Input: ( 3 * 5 + 2 ) * 2 n (here n is the end marker / newline).

How each rule becomes edges. Read the right-hand side of every rule: each attribute it uses points into the attribute being defined.

Example
E.val = E1.val + T.val → E1.val → E.val
T.val → E.val
T.val = T1.val * F.val → T1.val → T.val
F.val → T.val
F.val = digit.lexval → digit.lexval → F.val

Because every val is synthesized (computed from children), every edge points from a child attribute up toward its parent.

Solution — Building the Graph

Build the dependency graph for the val instances of ( 3 * 5 + 2 ) * 2. The leaves carry digit.lexval; edges flow upward to the root, where print consumes the top E.val.

Example
digit(3).lexval ─► F.val=3 ─► T.val=3 ──────────────┐
▼
digit(5).lexval ─► F.val=5 ─────────────────► T.val=15 (3 * 5)
│
▼
E.val=15 ──────┐
digit(2).lexval ─► F.val=2 ─► T.val=2 ─────────────────────►│
▼
E.val=17 (15 + 2)
│
▼
F.val=17 (parenthesized)
│
▼
digit(2).lexval ─► F.val=2 ─► ────────────────────────► T.val=34 (17 * 2)
│
▼
E.val=34 ─► print(34)

Every edge points upward (child → parent), so the graph has no cycle — it is a DAG.

A valid topological order. Reading the DAG bottom-up gives one evaluation order in which each attribute is ready before it is used:

Example
F.val=3 (digit 3)
T.val=3 (T = F)
F.val=5 (digit 5)
T.val=15 (3 * 5)
E.val=15 (E = T)
F.val=2 (digit 2)
T.val=2 (T = F)
E.val=17 (15 + 2)
F.val=17 (parenthesized E)
T.val=17 (T = F)
F.val=2 (digit 2)
T.val=34 (17 * 2)
E.val=34 (E = T)
print(34) (S → E n)

Because all edges point up, this single bottom-up pass evaluates every attribute with its inputs already computed. The final print outputs 34.

Cycles — Circular SDDs

Our running example is acyclic, but not every SDD is. A cycle means an attribute depends on itself (directly or transitively), so no topological order — and no evaluation order — exists.

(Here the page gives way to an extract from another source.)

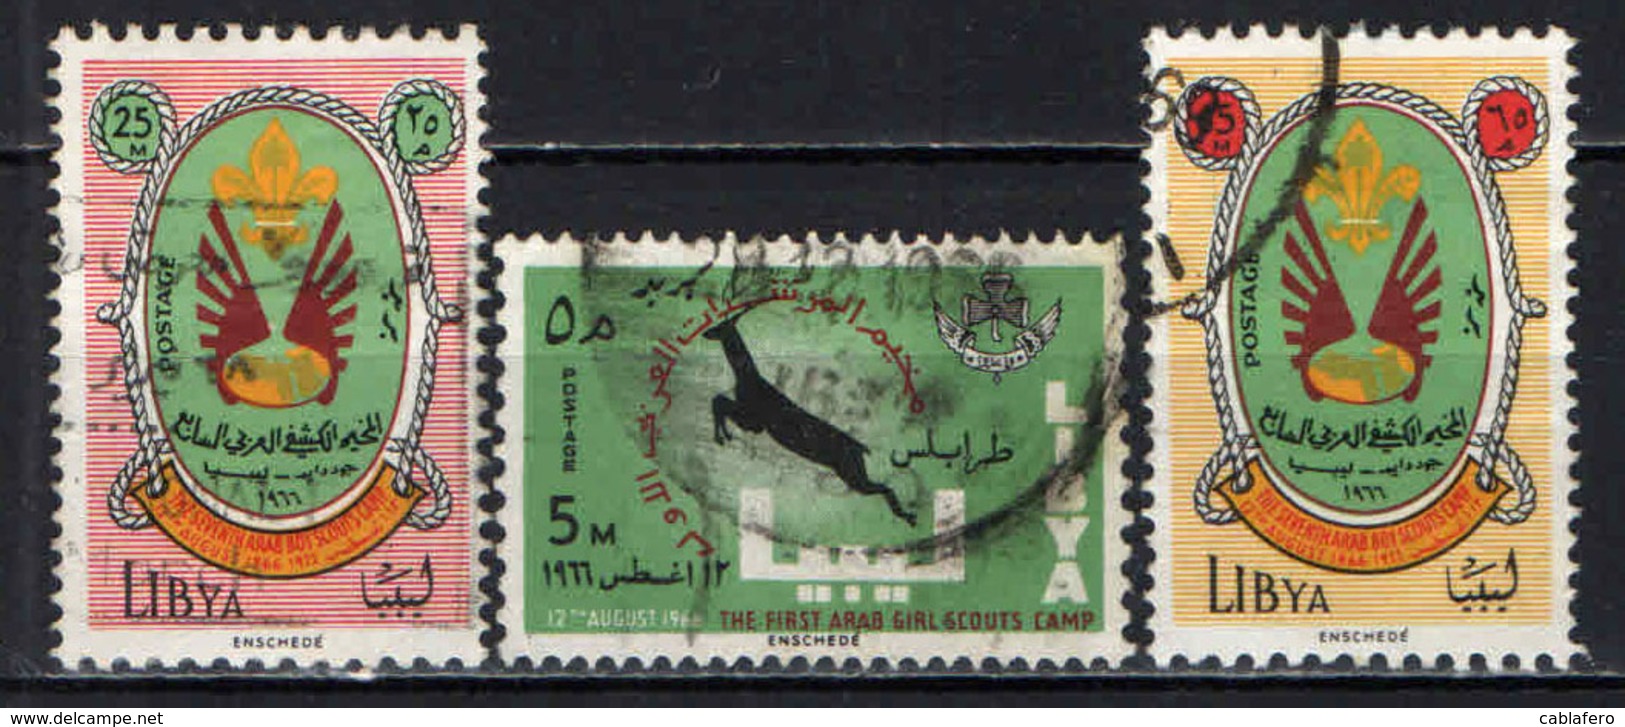 LIBIA - 1966 - SCOUTISMO - USATI - Libië
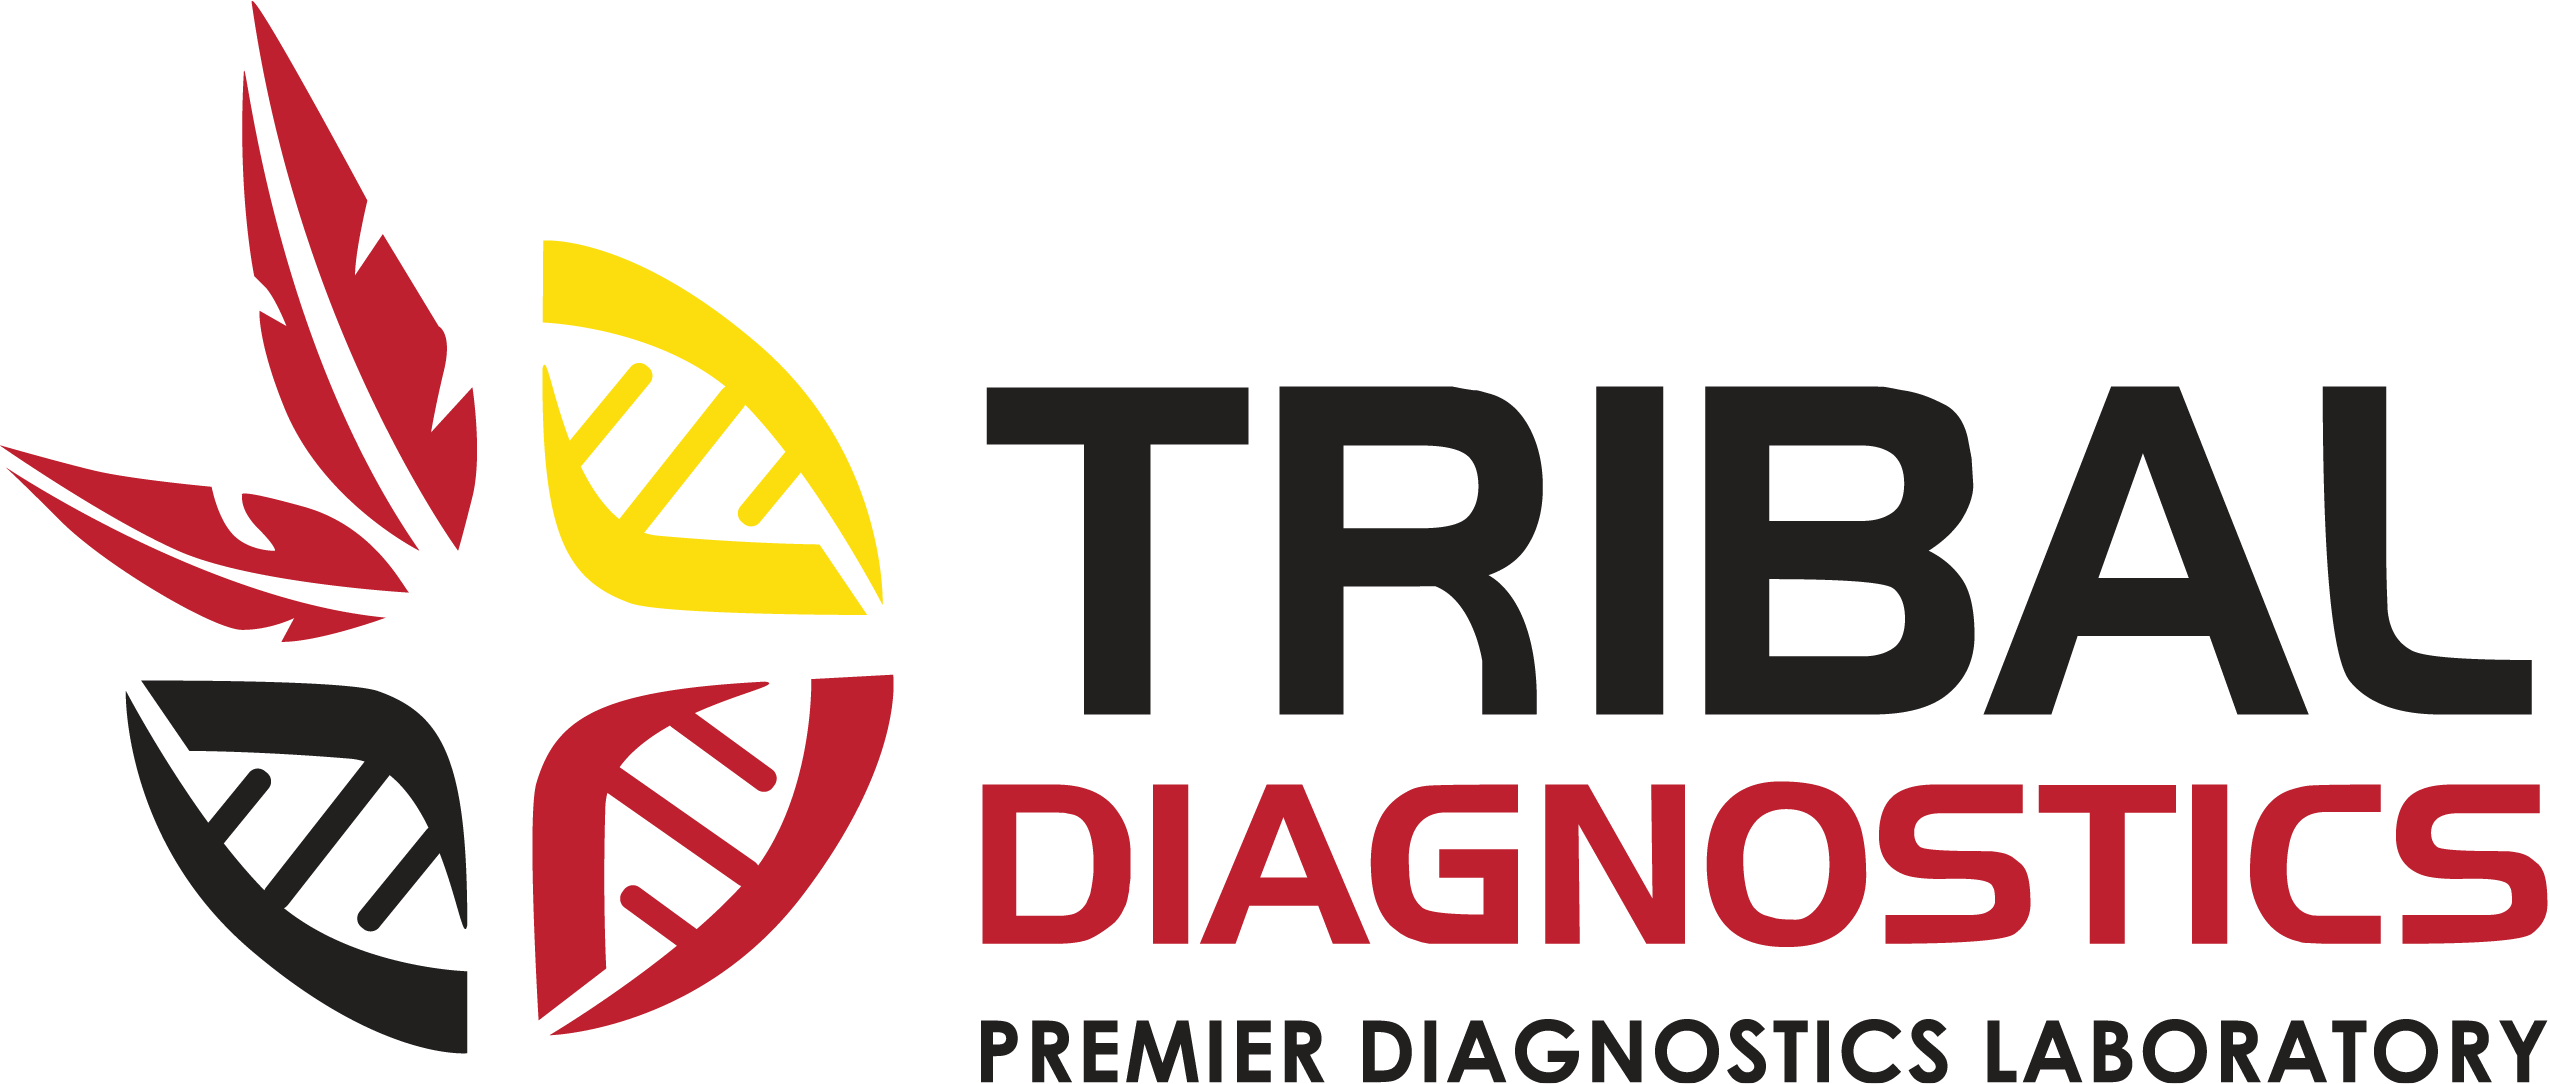 Tribal Diagnostics

A small contrived pair of rules shows it:

Example
A.s = f(B.i) → B.i → A.s
B.i = g(A.s) → A.s → B.i
Cycle: A.s → B.i → A.s → …

A.s needs B.i, but B.i needs A.s — a 2-node cycle. There is no topological order, so the SDD is unevaluable for that tree and must be rejected.

In contrast, the val grammar above has only child → parent edges, so it can never form such a loop.

S-Attributed and L-Attributed SDDs

Two restricted classes are guaranteed acyclic, so the compiler never has to build or sort a dependency graph — a fixed traversal always works.

ClassDefinitionSafe traversal
S-attributedevery attribute is synthesized (child → parent only)post-order / bottom-up; fits LR parsers
L-attributedeach inherited attribute depends only on the parent and on left siblingsone depth-first, left-to-right pass; fits LL parsers

Our running val grammar is S-attributed — every attribute is synthesized — which is exactly why the single bottom-up pass above just works.

Key Points

  • A dependency graph has one node per attribute instance and an edge b → c when the rule for c uses b.
  • A valid evaluation order is a topological sort; it exists iff the graph is a DAG.
  • For ( 3 * 5 + 2 ) * 2, all val edges point upward, so one bottom-up pass evaluates everything and prints 34.
  • A cycle (e.g. A.s ↔ B.i) makes an SDD unevaluable.
  • S-attributed SDDs (like ours) are always acyclic and evaluate in post-order.